Use inside of the model

class MyModel < ActiveRecord::Base
  translate :title
end

I18n.locale = :en
mymodel = MyModel.create(title: "My title", title_de: "Mein Title)
mymodel.title_wk = "Woohhaakkk"

mymodel.title # => "My title"
mymodel.title_en # => "My title"
mymodel.title_wk # => "Woohhaakkk"

Prerequisites¶ ↑

To save the locales ActiveRecordTranslatable saves an array of the specified locale, for this to work, the database needs the ability to save arrays. The easiest way to handle this is to use ActiveRecords ability to serialize.

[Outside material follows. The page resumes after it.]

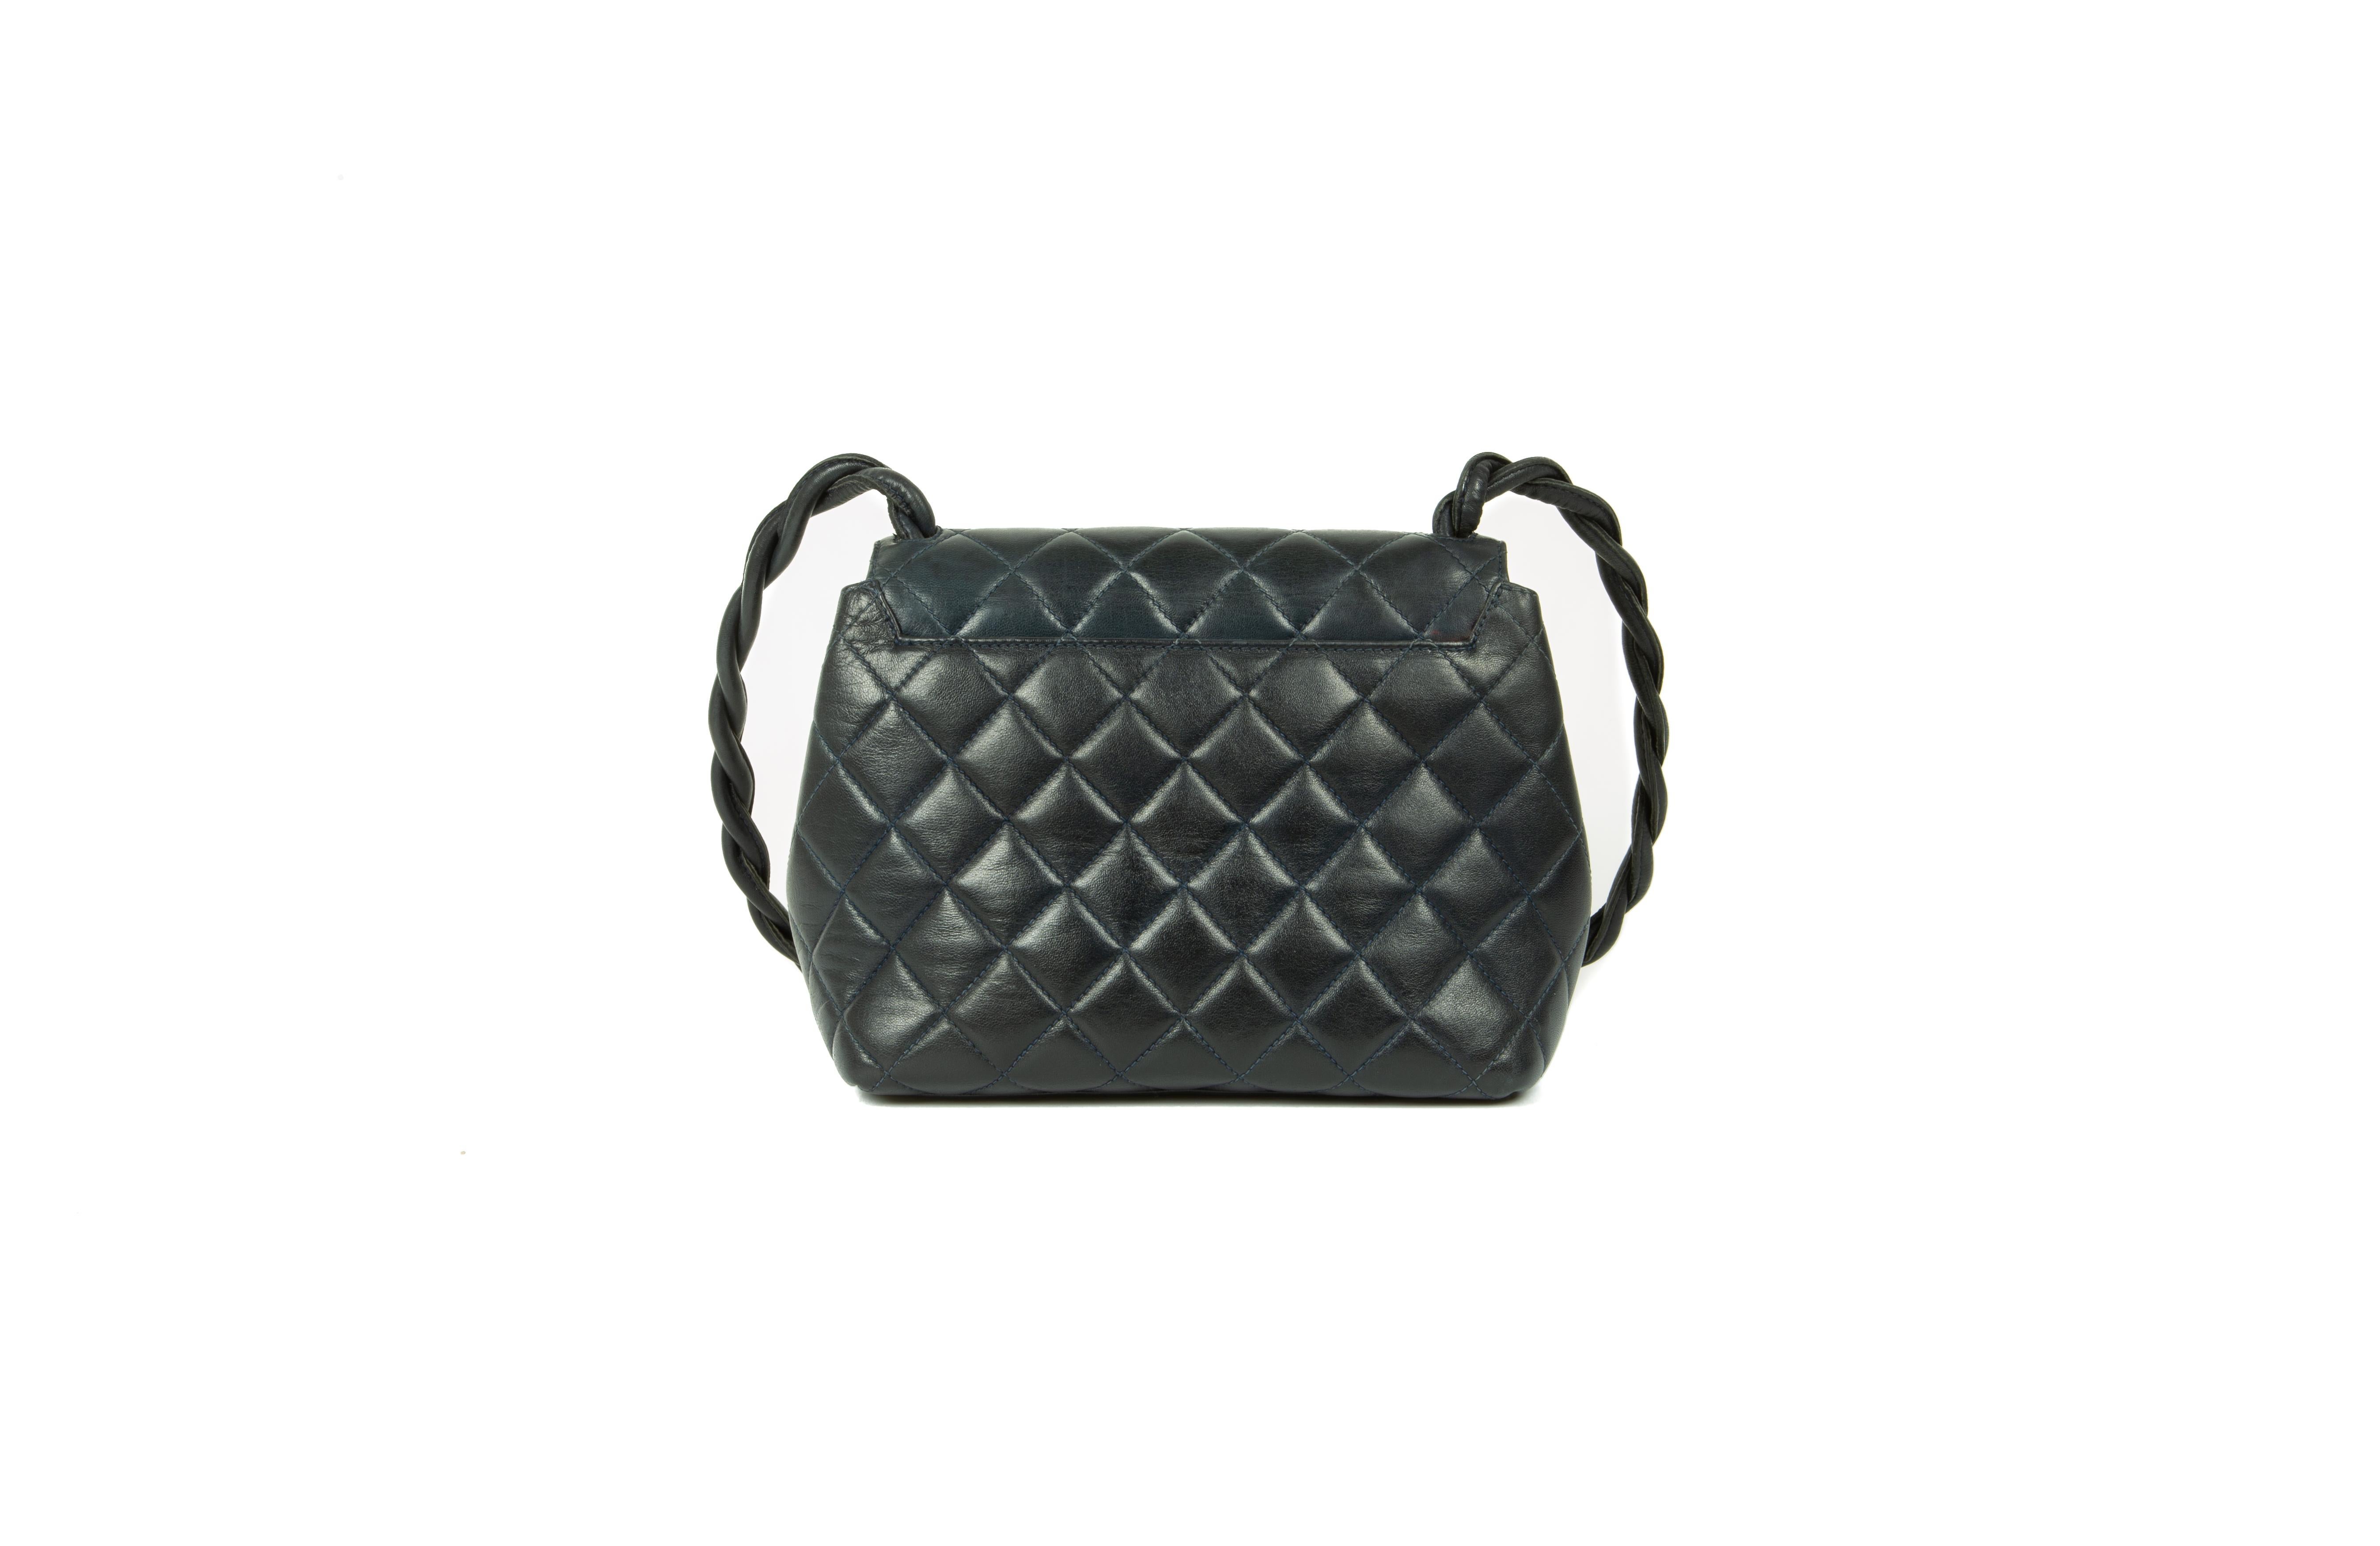 Women's 1980s Chanel Dark-Midnight-Blue Leather Shoulder Bag

class MyModel < ActiveRecord::Base
  serialize :locales
  translate :name
end

And add the column as a string

class CreateMyModel < ActiveRecord::Migration
  def change
    create_table :my_model do |t|
      t.string :locales
    end
  end
end

If you are using postgres you can also use the native postgres array

gem 'activerecord-postgres-array'

To add the array to the model the migration looks like this

class CreateMyModel < ActiveRecord::Migration
  def change
    create_table :my_model do |t|
      t.string_array :locales
    end
  end
end

And the model does not need to know anything about this

class MyModel < ActiveRecord::Base
  translate :name
end

How it works¶ ↑

Translateable saves the translation via I18n.backend.store_translations, this means that the backend has to be able to store new items. So backend needs to be for example the KeyValue or ActiveRecord one. More railscasts.com/episodes/256-i18n-backends

Tests¶ ↑

The tests are using rspec and an im memory sqlite database, so all that is needed is to run

$ rake spec

Current State¶ ↑

This has been extracted form an Rails application so it should be pretty stable by now. Any contributions and fixes are of course highly welcome!